Ingredients for 9 servings~
1 cup Oats
4 scoops Quest Vanilla Protein Powder
2 extra small (6oz total) ripe mashed Bananas
6oz 0% Fage Greek Yogurt
1/2 cup Pumpkin
2 Extra Large Eggs
1 teaspoon Baking Powder
1 teaspoon Cinnamon
Dash Vanilla
1 Tablespoon chopped Pecans

     Stir all ingredients together til smooth, except Pecans.  Pour into parchment lined 8X8 dish, top with Pecans, bake at 350 for 35 minutes.  Enjoy  :)

Black Bean Pumpkin Sauce





    The taste of Fall is so distinctive, but luckily is versatile enough any time of year.  Pumpkin goes with so many things, from sweet to savory.  Lucky for us, even as a Pasta Sauce!  My 6 servings of Black Bean Pumpkin Sauce are only 225 calories, 54g carbs, 21.4g fiber, 33.4g net carbs, 17.5g protein, and 2.3g fat.  Perfect over noodles, Spaghetti Squash, or roasted Butternut Squash!  Such a fun meatless meal, and dripping with flavor!

Ingredients for six 1 1/3 cup servings~

1 3/4 cup dried Black Beans (sub with 2 cans)

1 diced Onion

1 Tablespoon chopped Garlic

1 teaspoon Chicken Bouillon Granules (sub with Vegetable Broth if Vegan)

29oz can Pumpkin Purée 

14.5oz can Fire Roasted Tomatoes

1/4 cup Tablespoon Balsamic Vinegar

     Add dried Beans to bowl, cover with water, soak overnight, drain, add to soup pot, cover with water, along with Onion, Garlic and Bouillon, simmer 2 hours til Beans are softened, leaving about a cup of remaining juice in the pot, mash coarsely with potato masher,  Stir in remaining ingredients.  Enjoy :)

Lunch all Week




     I do food prep every Sunday, do you?  This is a lovely example of what a nice Lunch paired with a side Salad would look like.  Each of the five 2 cup servings are only 319 calories, 28.8g carbs, 4.9g fiber, 23.9g net carbs, 32.5g protein and 8.3g fat.  These macros are perfect for keeping me full for hours, especially with the addition of the extra fiber in the Greens.  Plus the convenience of having all week prepped and ready to go at a moments notice.  It’s a small inconvenience that continues to pay countless dividends the next 5 days.  If you have never tried food prep, give it a whirl and see what a difference it makes in your day!  :)

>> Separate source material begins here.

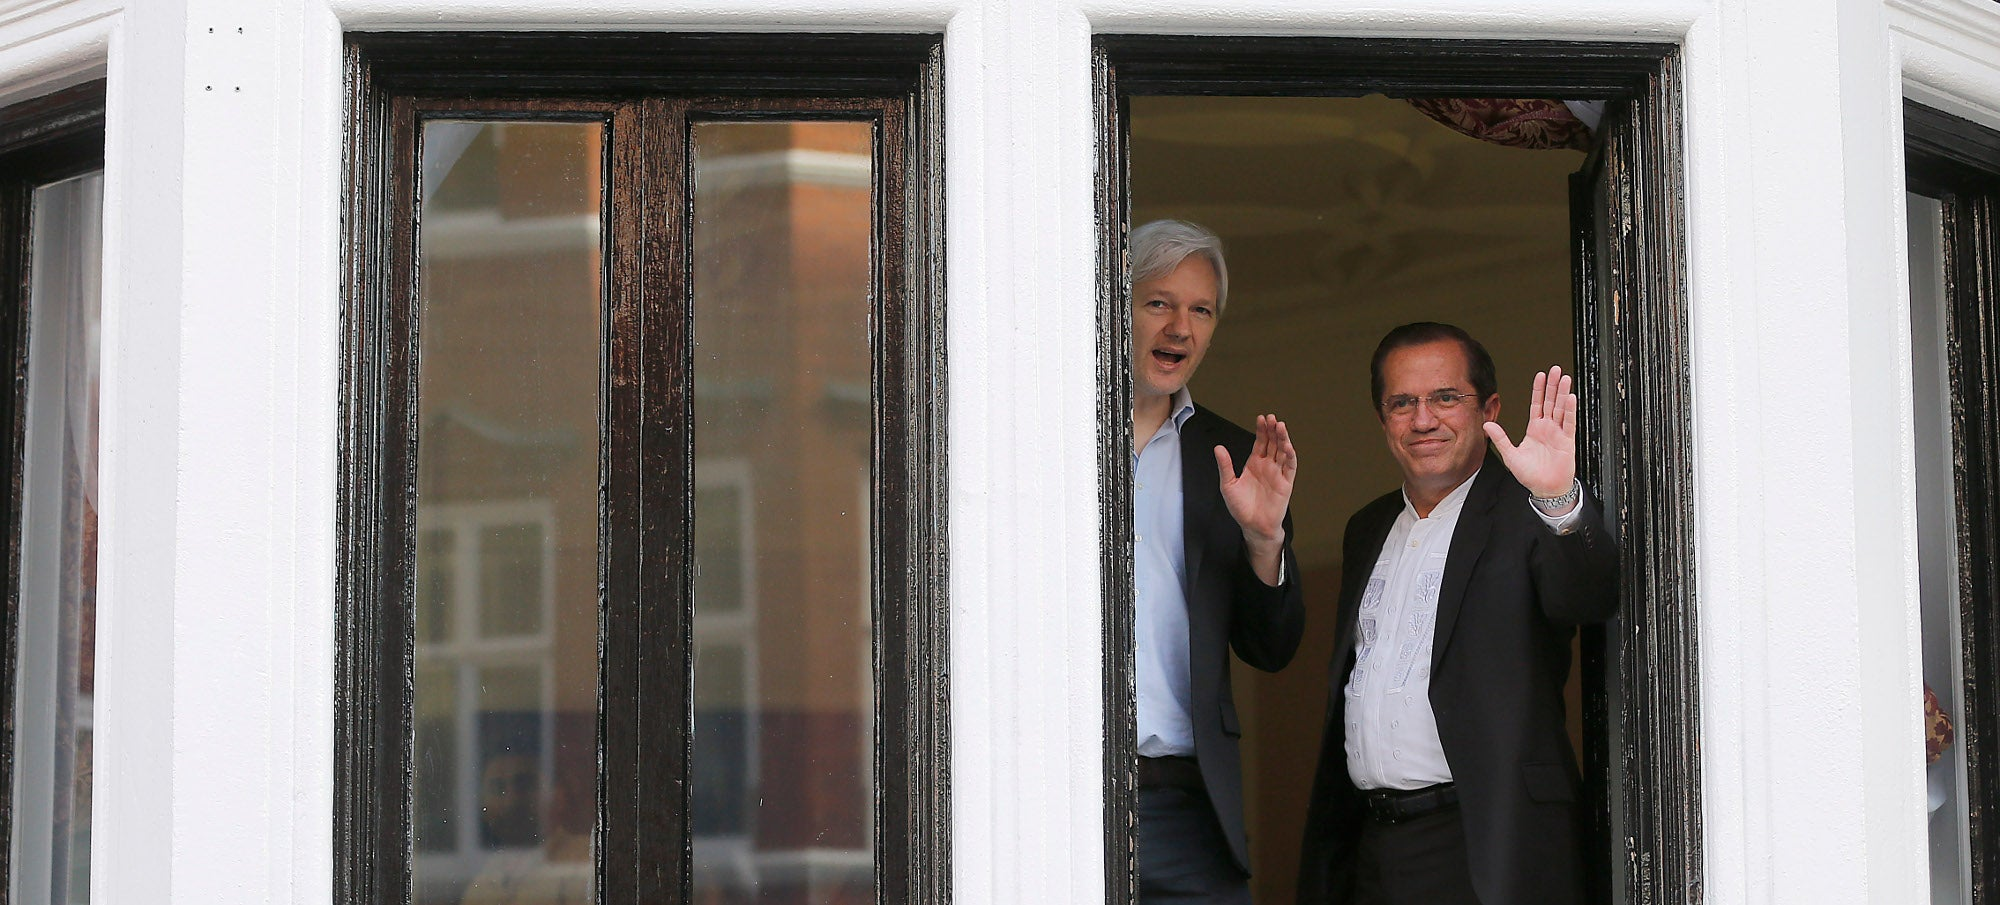 BBC: UN Panel Believes Julian Assange Was 'Unlawfully Detained'

Ingredients for Five two cup servings~

1 large diced Onion

1 pound diced Chicken Breast

12oz diced Chicken Sausage (I used 4 pack Johnsonville Apple Chicken Sausages)

1 Tablespoon crushed chopped Garlic

Dash Cayenne

2 large diced Zucchini (1 pound 12oz)

1 diced Red Bell Pepper

1 diced Yellow Bell Pepper

12oz diced Sweet Potato

     Spray base of large stock pot with Pam Cooking Spray, add diced Onion, Chicken Breast, Sausage, Garlic and Cayenne til Chicken cooked thru.  I start on low heat til a few juices start to cover the bottom of pan, as to not scorch. Then add Zucchini and Bell Peppers til crisp tender, drain the juice and set aside for other occasion.  Meanwhile, add diced Sweet Potato to microwave safe bowl, and heat for 5 minutes, check for tenderness, heat an additional minute or two if necessary to soften, and stir into drained Chicken mixture.  Add 2 cups of mixture to five containers, store in fridge for the next 5 days, or put in freezer for later use.  I served mine with a side Green Salad, I also enjoyed a little Mustard stirred in.  Enjoy :)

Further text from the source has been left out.